One of the leaders of the revolutionary group called Katipunan, Andres Bonifacio, had read the
Rizal’s novels and had used these as a basis for the revolution. So influential was Rizal that
even without his permission they named him as a member and Katipuneros shouted his name
as part of the battlecry.
With no wish to be further implicated in the revolution, Rizal asked and was granted permission
by then governor General Ramon Blanco to travel to Cuba, another Spanish Colony at the time,
to support in the medical efforts needed to suppress an outbreak of yellow fever. On the way to
Cuba, Rizal was arrested and incarcerated in Barcelona due to the political manoeuvrings of the
friars which saw Blanco removed from office and replaced by Camilo de Polavieja.

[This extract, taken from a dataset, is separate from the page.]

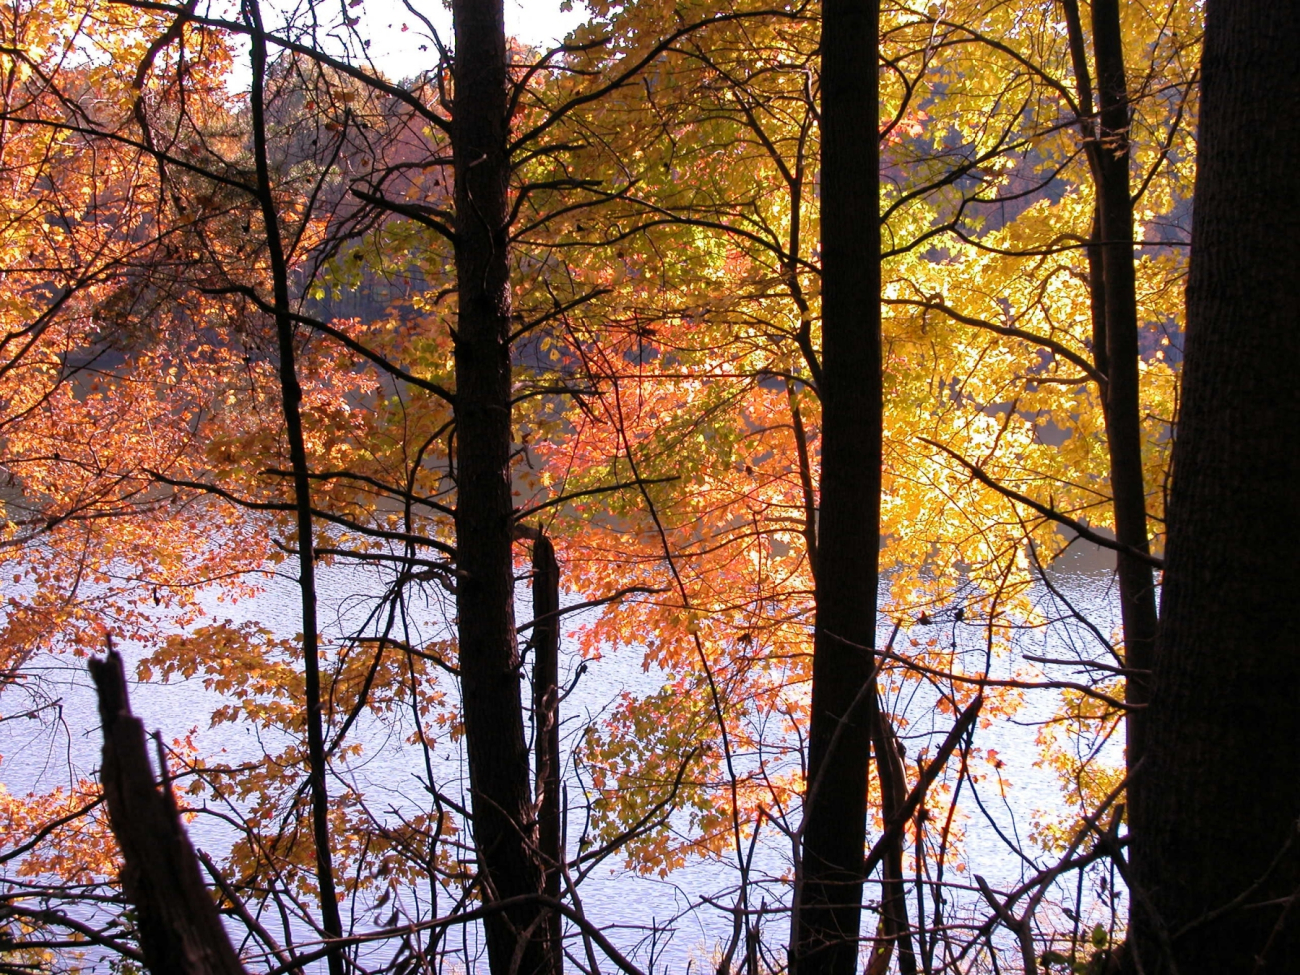 Clopper Lake as seen through autumn colors

Rizal was then brought back to the Philippines to face charges of rebellion due to his reported
association with the revolutionary movement. The court found him guilty and sentenced him to
death. Jose Rizal was executed by a firing squad on December 30 1896, at 7:00am, in
Bagumbayan (now called Rizal Park) and his remains were buried in an unmarked grave in the
nearby Paco Cemetery.
Through the years, Rizal’s works and ideals have been cited by many reformists, such as
Jawaharlal Nehru, Sun Yat Sen and even Ghandi as the means for peace reforms. As the
national hero of the Philippines, his works, are required reading for all students and streets,
buildings, and parks have been named after him and the 30th of December, his death
anniversary, was declared a national holiday.
What made Jose Rizal worthy of becoming the Philippines’ national hero was not merely his
intelligence, personality, literary acumen, or his pacifist ideals. Rather, it was his patriotism,
optimism, undying love for his country and his belief in his countrymen which set him apart. He
believed not merely in freedom but in the potential of the Filipino people to surpass what they
were under the Spanish colonial government, and all he wished was for them to be given the
chance to tap that potential. And for that, he has earned his right place as a symbol of what a
Filipino can do in one short lifetime.